Ketamine

Other names:

  • K
  • Special K

Ketamine, a synthetic drug not known to occur in nature, was first synthesized in 1962. In 1970, the Food and Drug Administration approved the medicine, trade-named Ketalar, for use as an anesthetic.

Ketamine is used widely as an anesthetic, especially for children and soldiers, and as an animal tranquilizer. It is also sometimes used to treat chronic pain. At lower doses, ketamine can alter one’s perception and sense of time and space. At higher doses, the drug can cause a dissociative state, sometimes called a “k-hole,” during which people experience oblivion and are unable to perceive or interact with the outside world. These effects have some overlap with the general effect profile of classic psychedelics.

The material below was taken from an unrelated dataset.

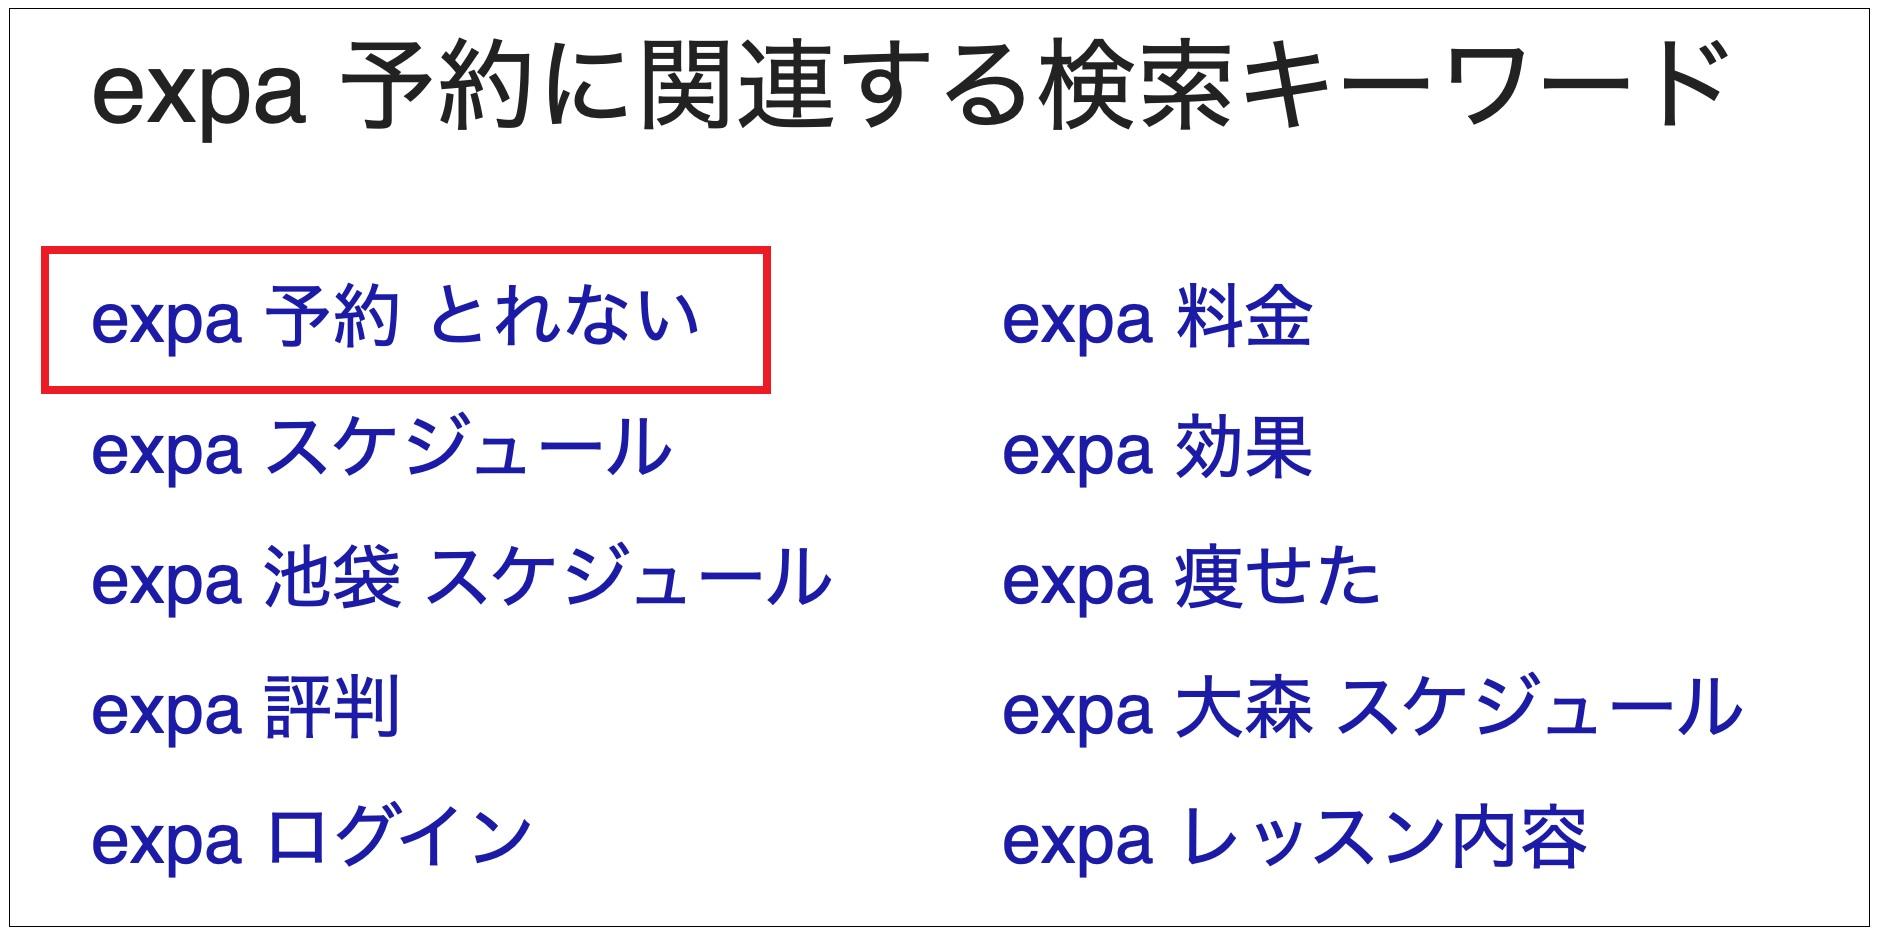 expa 検索

Clinically, ketamine is administered intravenously, by intramuscular injection, or as a lozenge placed under the tongue. Outside of medical settings, powdered ketamine is also snorted.

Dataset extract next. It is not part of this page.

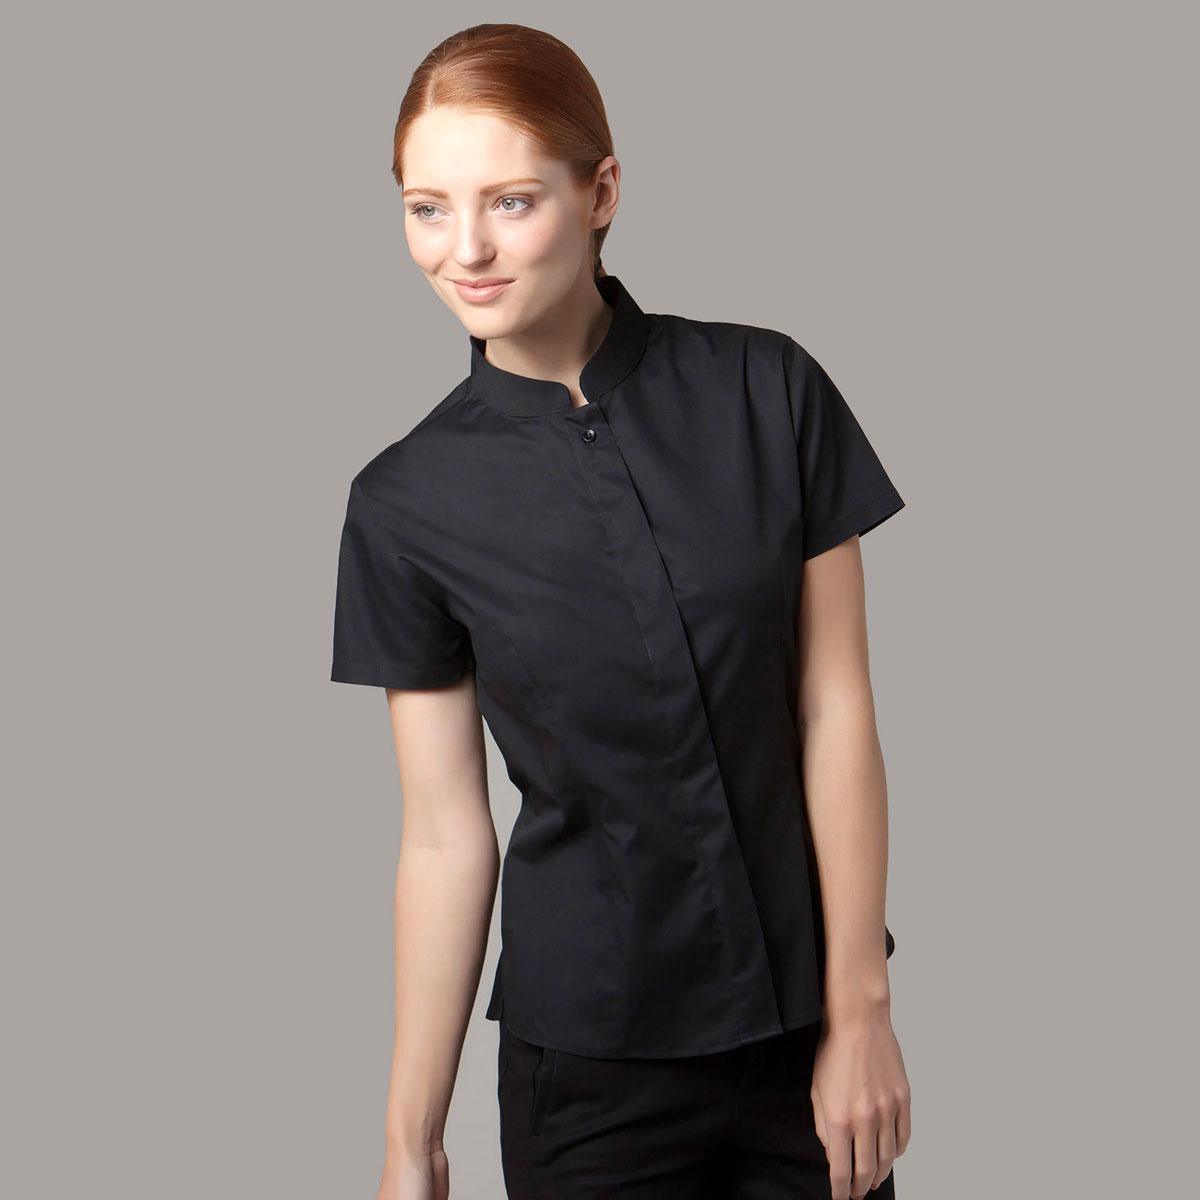 Lades Mandarin Collar Bar Shirt ShortSleeve - KK736

In the 1970s, use of ketamine recreationally or as a tool for personal exploration began to increase. It was popularized in books like The Scientist by John Lilly and Journeys into the Bright World by Marcia Moore and Howard Alltounian.

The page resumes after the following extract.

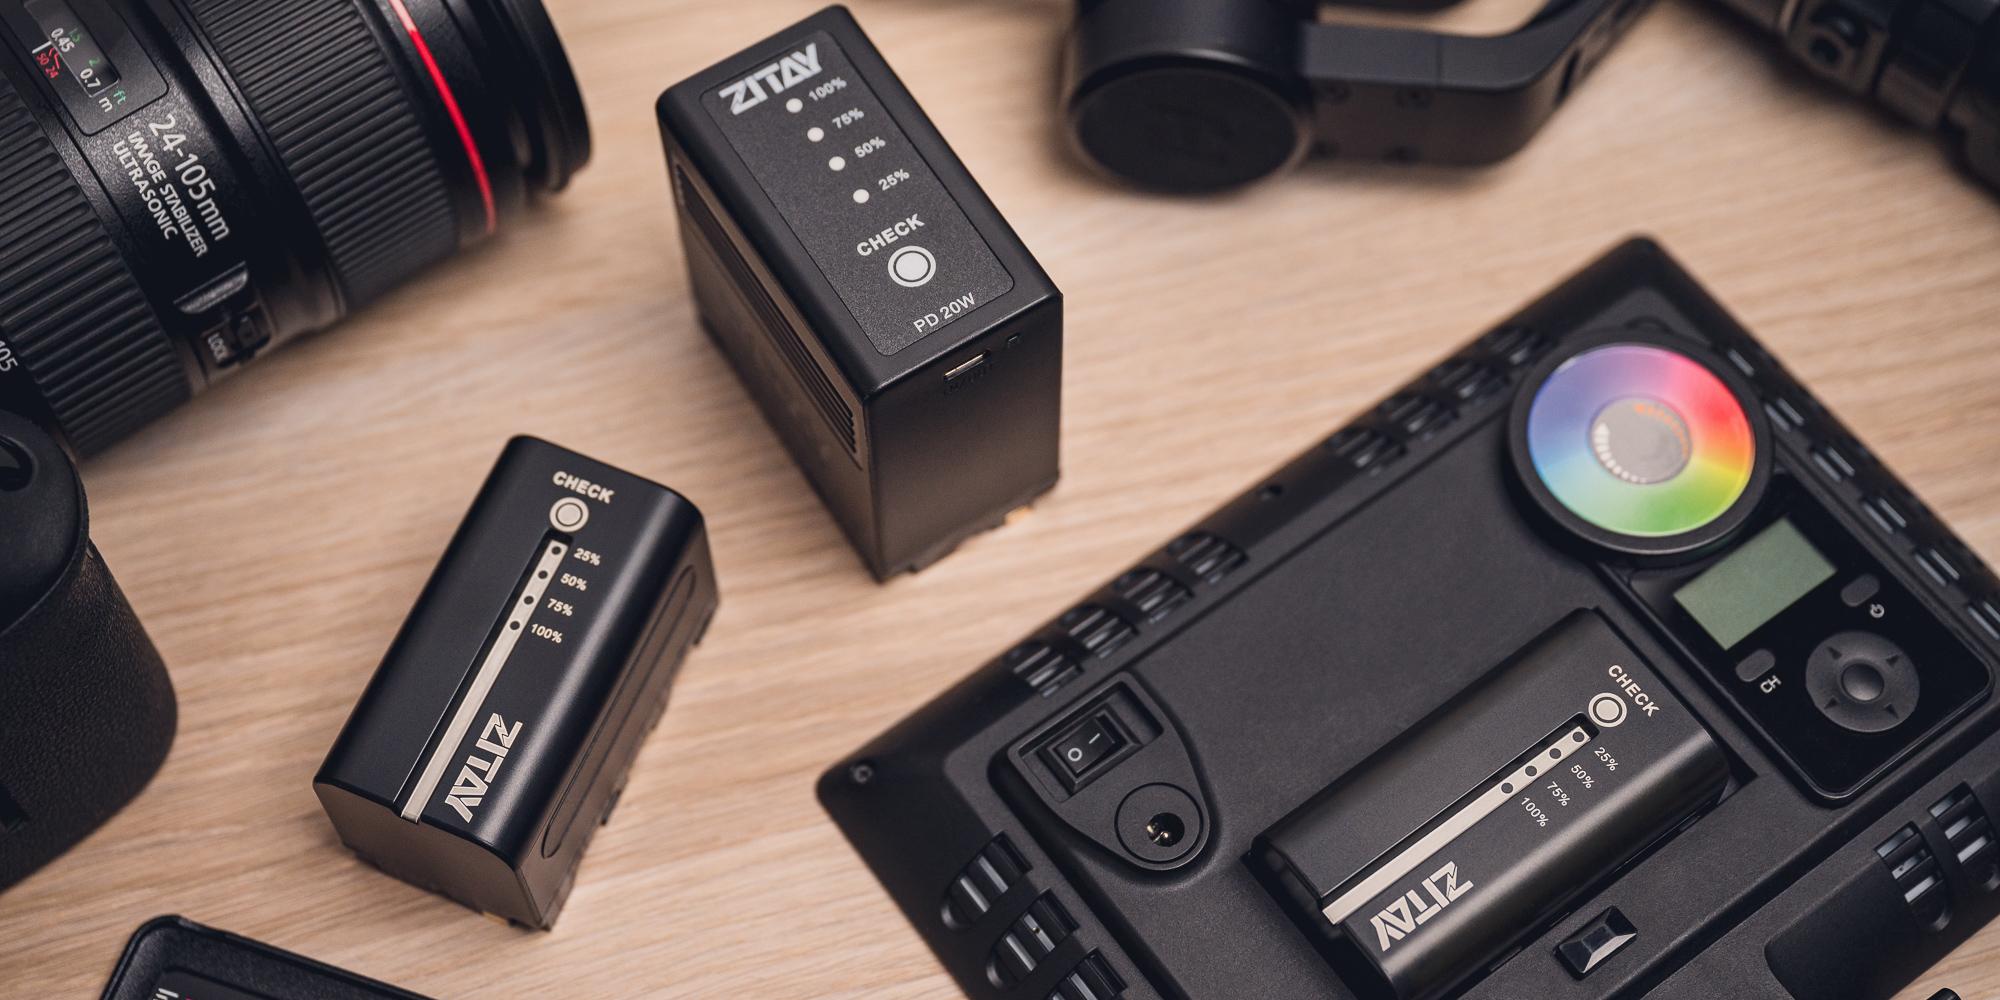 Akumulator Zitay zamiennik NP-F550 - Nowoczesny wygląd

The leading theory about how ketamine works is that it acts on receptors for the neurotransmitter glutamate, which may play a role in regulating mood. Over the last twenty years, numerous studies have suggested that ketamine can be used to treat chronic depression, bipolar depression, obsessive compulsive disorder, anxiety, and post-traumatic stress disorder. Some participants in clinical trials reported side effects including headache, dizziness, nausea, blurred vision, drowsiness, and poor memory, but these resolved quickly after treatment sessions. Prolonged ketamine exposure has been associated with neurodegeneration in newborn rhesus monkeys. Some people become addicted to ketamine, which can be very difficult to overcome.

In the United States, ketamine is a Schedule III drug, meaning that it is legal when prescribed for medical use as an anesthetic. It can also be prescribed legally for off-label use, like for the treatment of depression. In 2019, the FDA approved Spravato, delivered as a nasal spray made from esketamine, half of the mirror image of ketamine, for use in treating treatment-resistant depression or TRD. Because it is under patent, the price of Spravato can be hundreds of times the price of generic ketamine.

Licensed providers can legally offer ketamine-assisted therapy.